Content starts
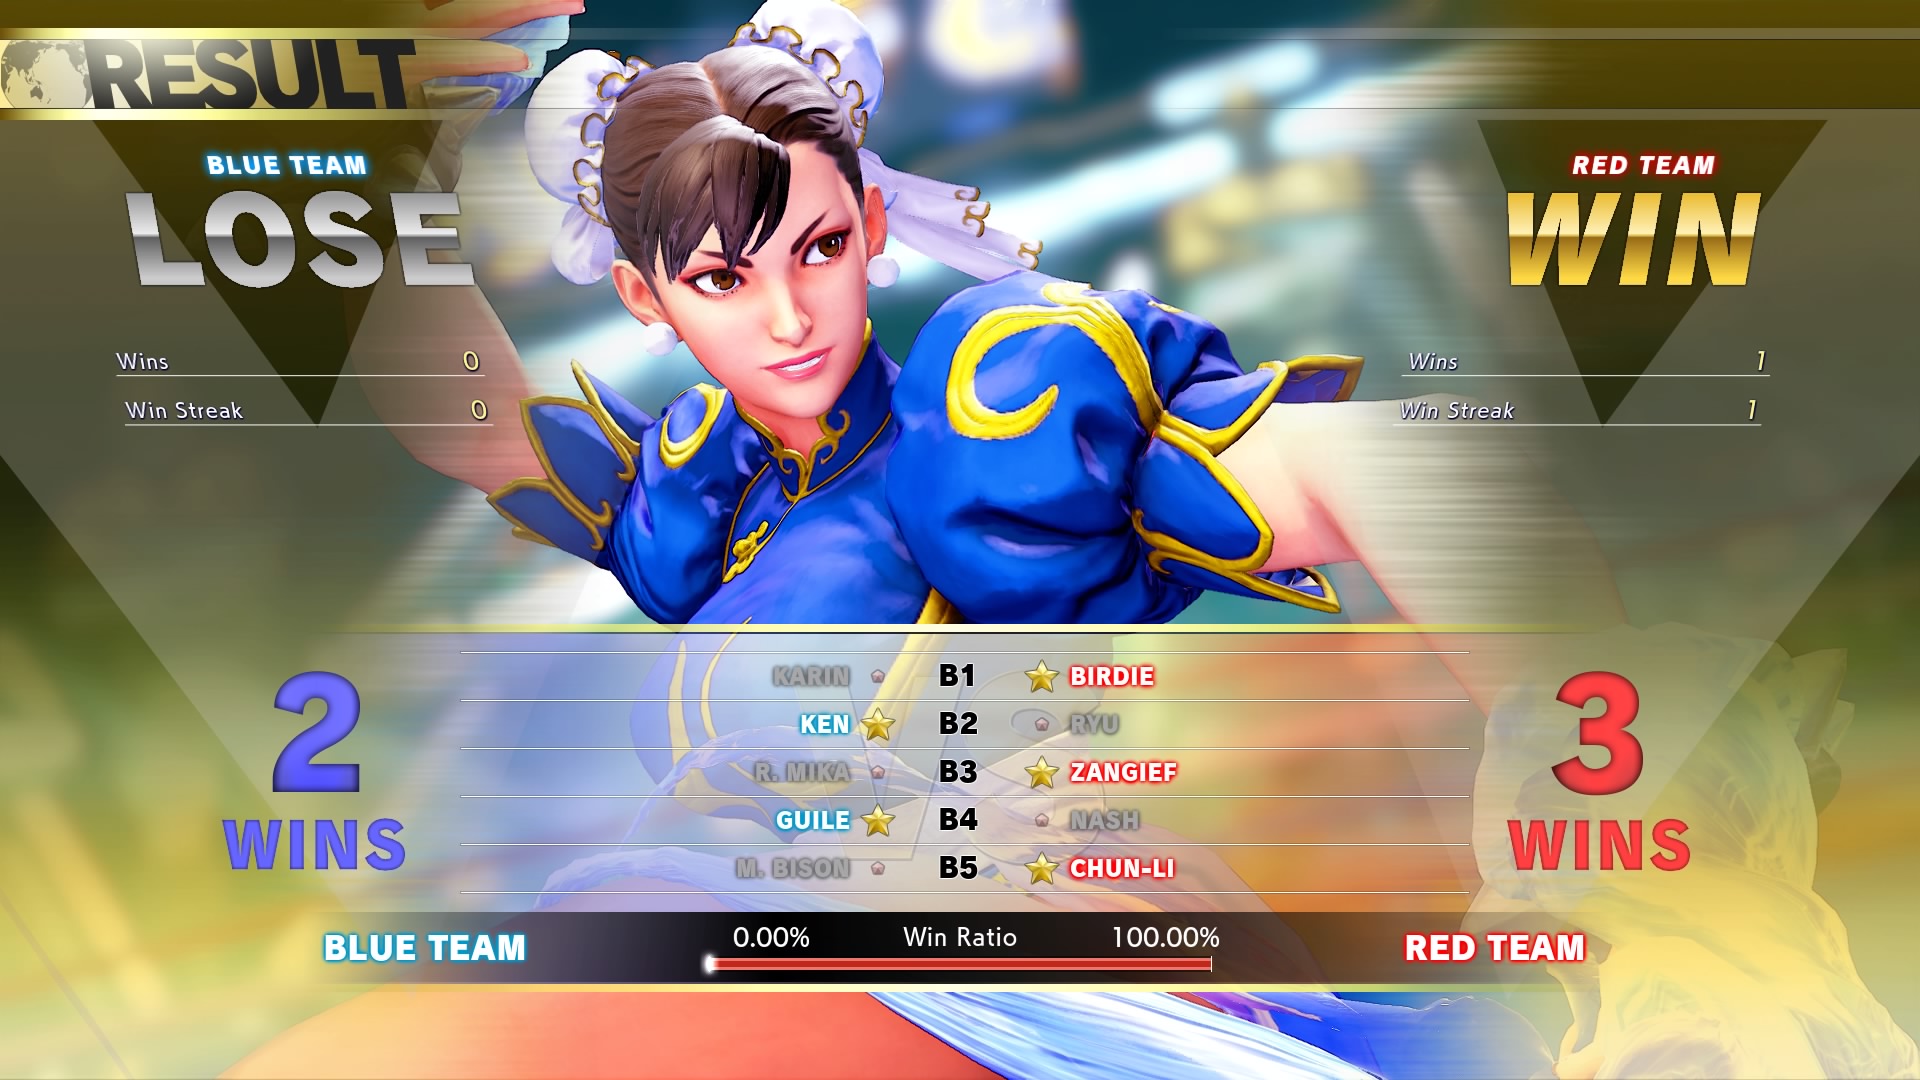 Batallas en equipo en Street Fighter 5: Arcade Edition
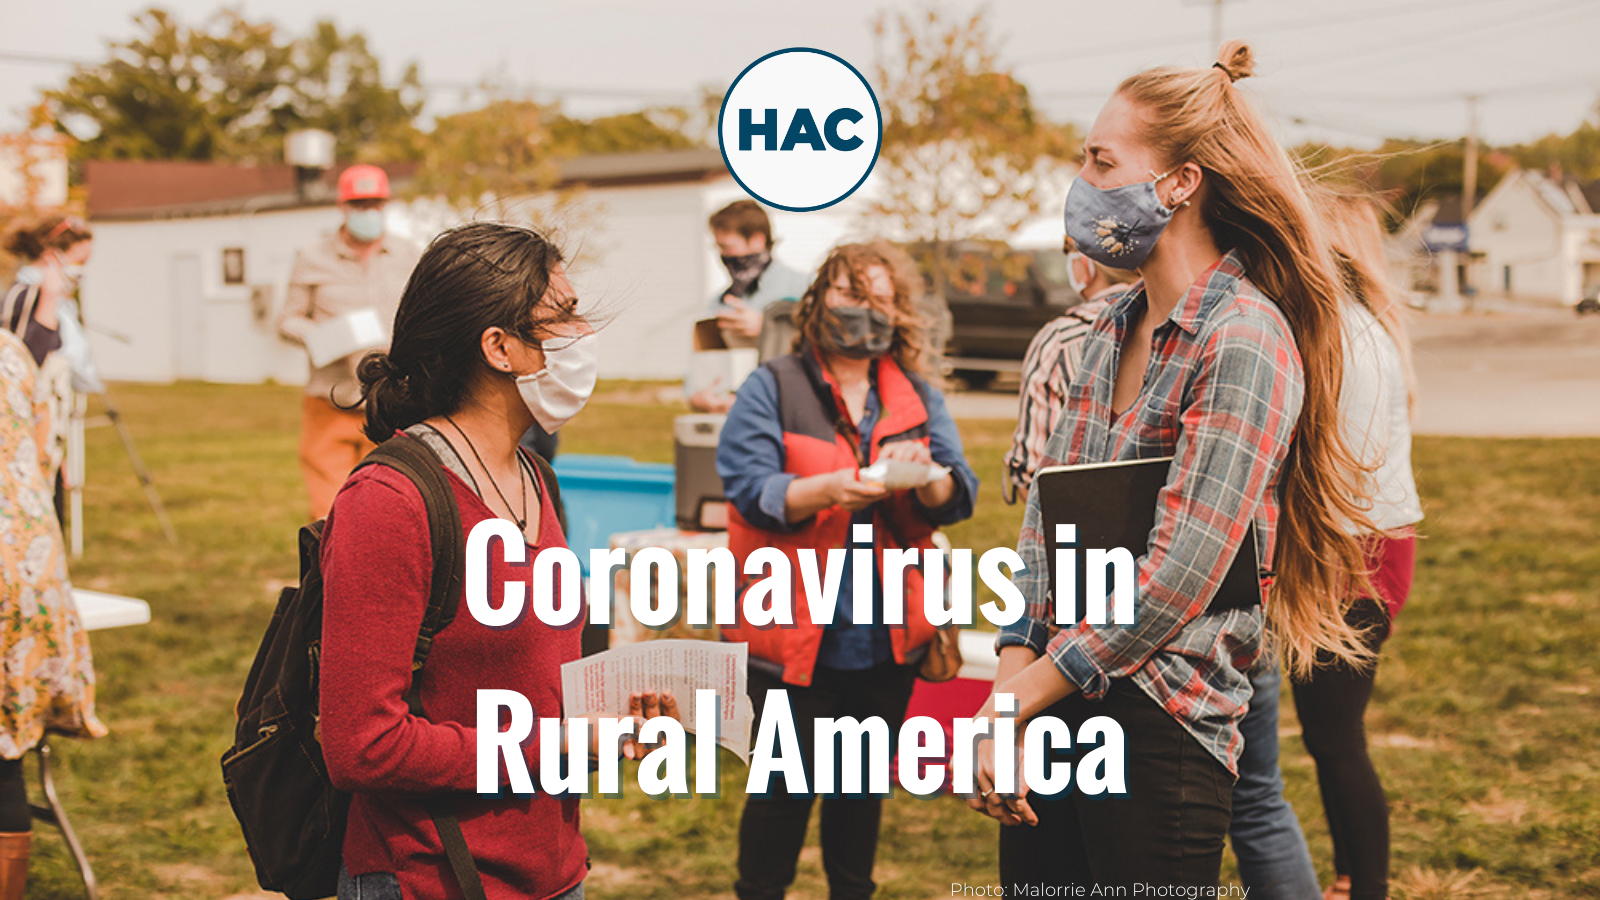 Coronavirus news
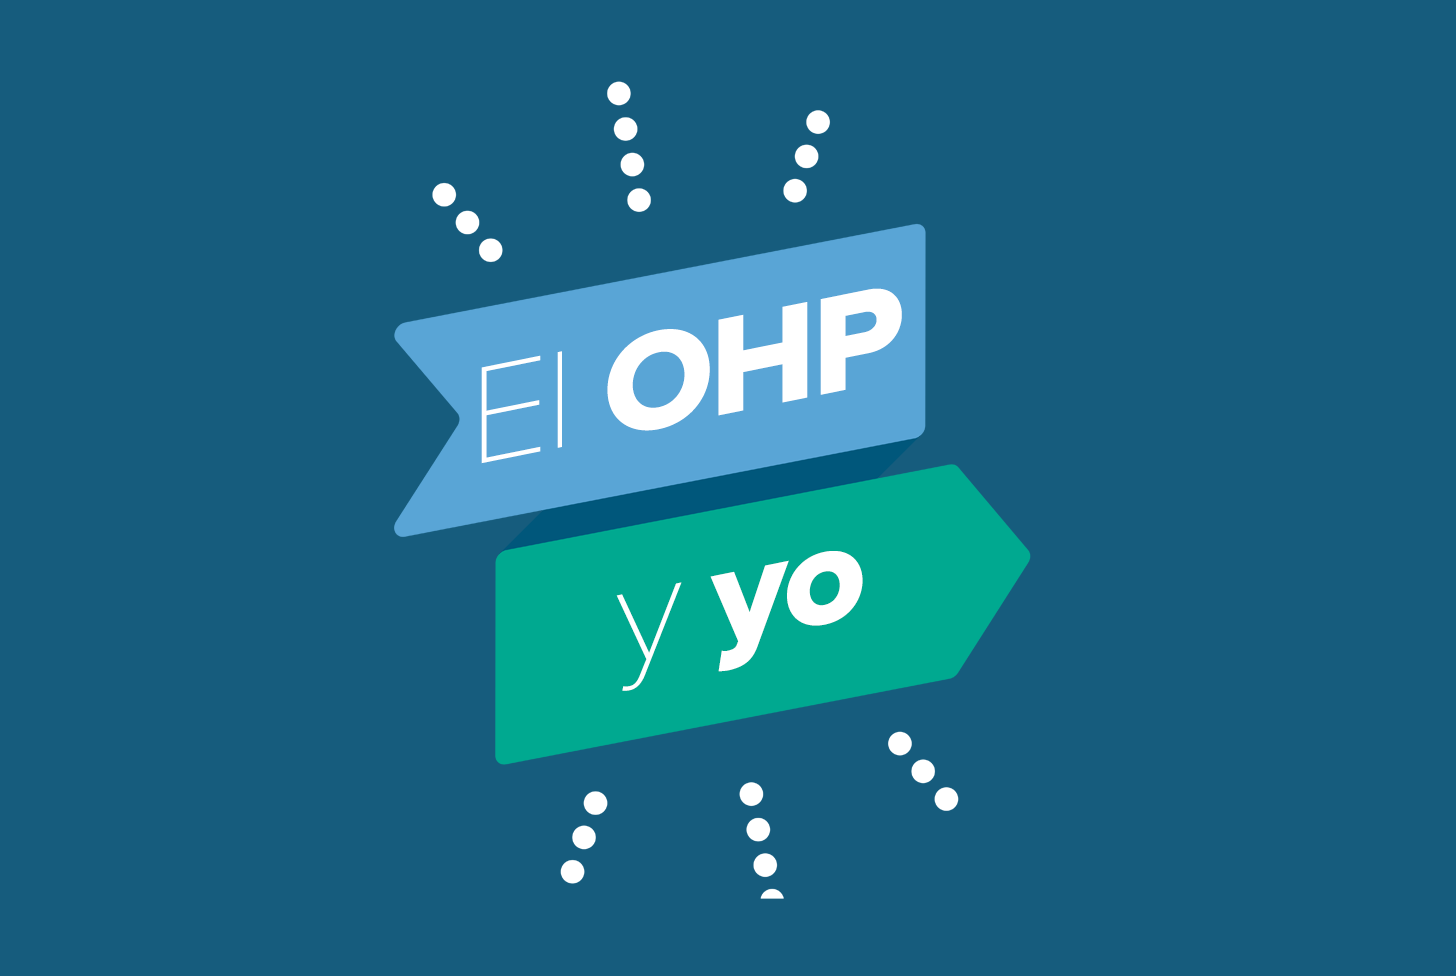 OHP-yo
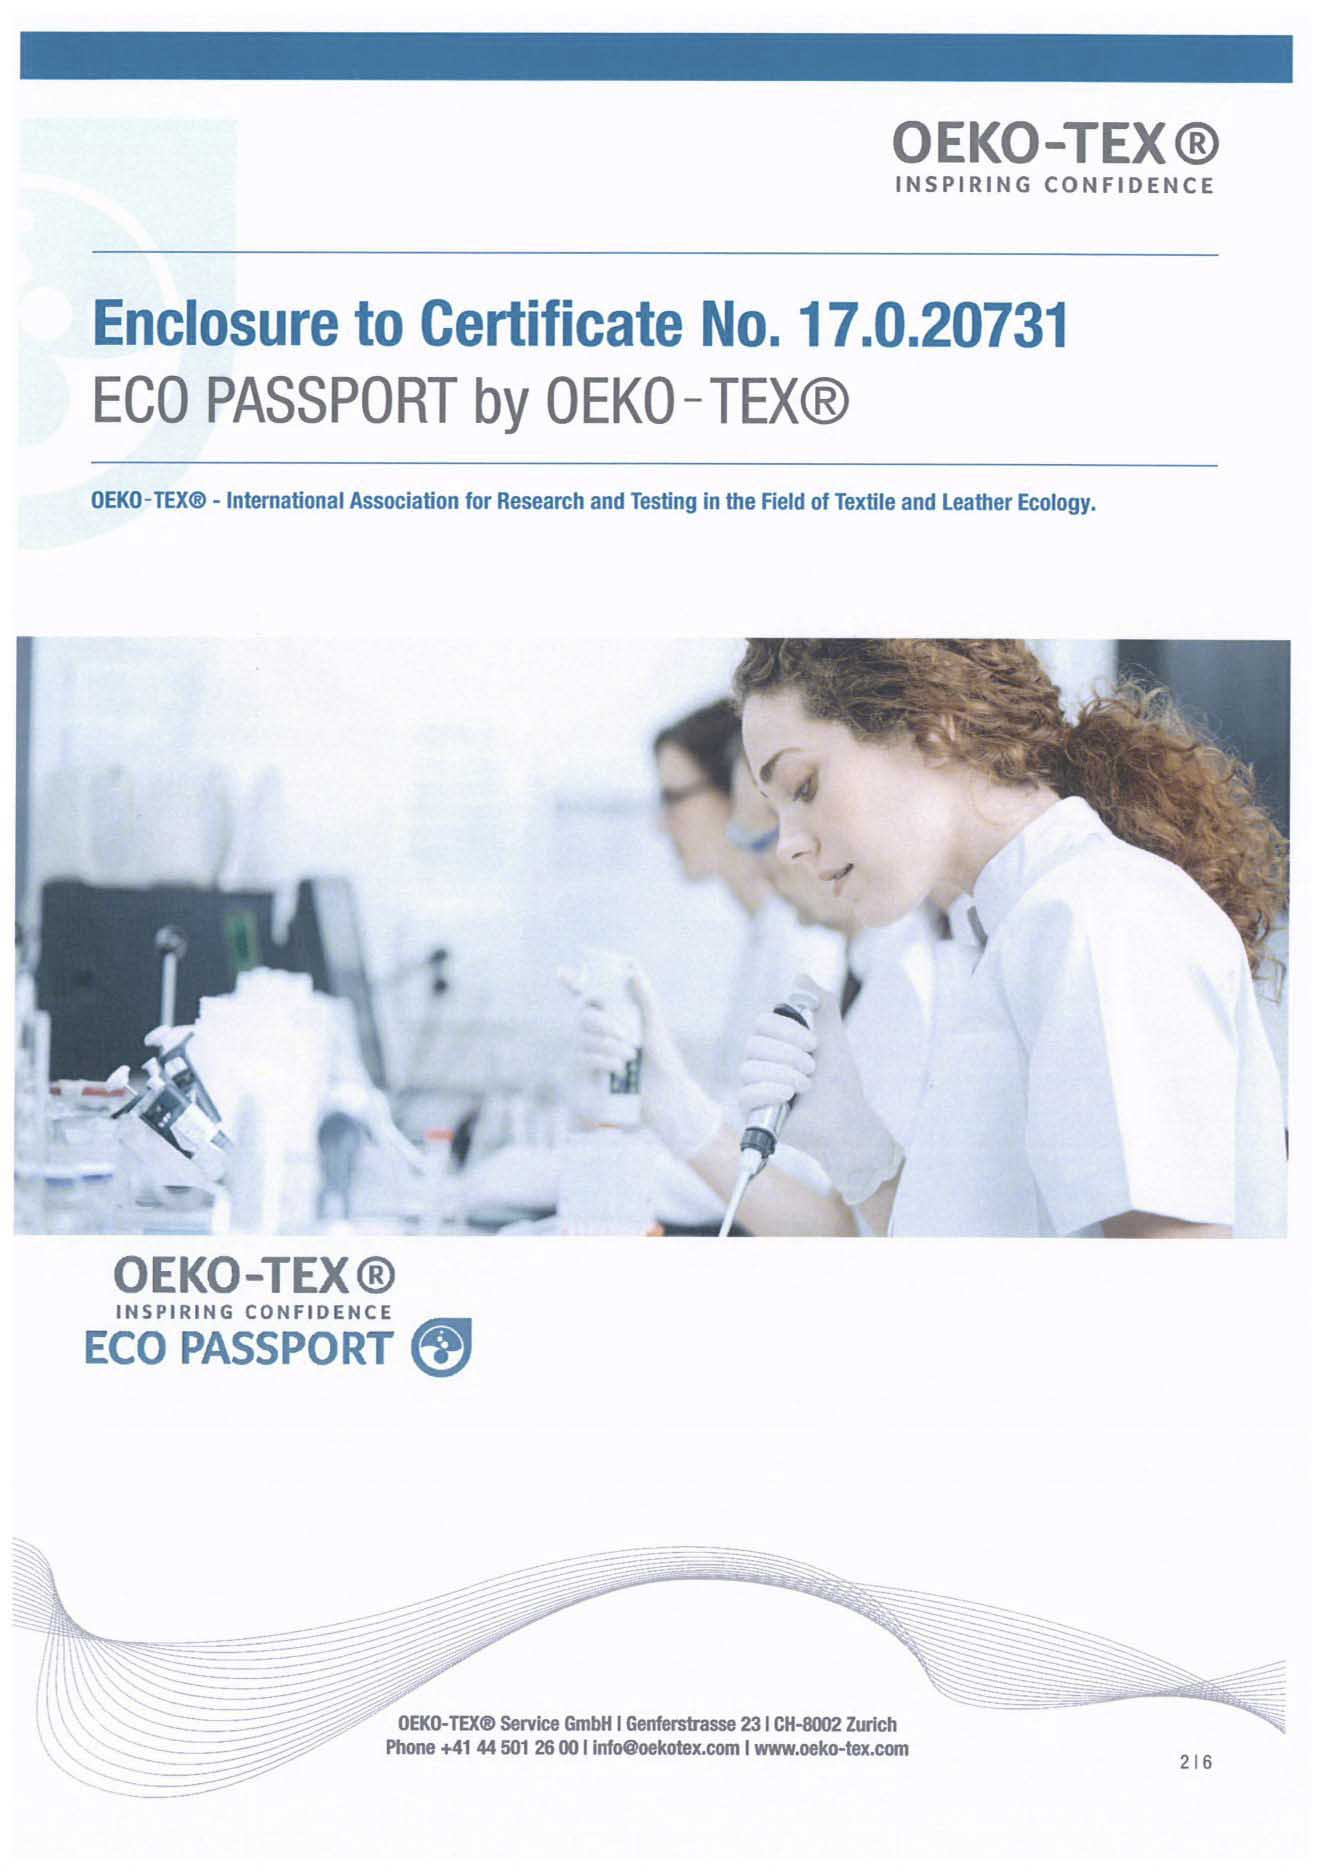 OEKO Certificate
Content ends
Without copying any picture, repeat the full listing above word for word.

 Batallas en equipo en Street Fighter 5: Arcade Edition
 Coronavirus news
 OHP-yo
 OEKO Certificate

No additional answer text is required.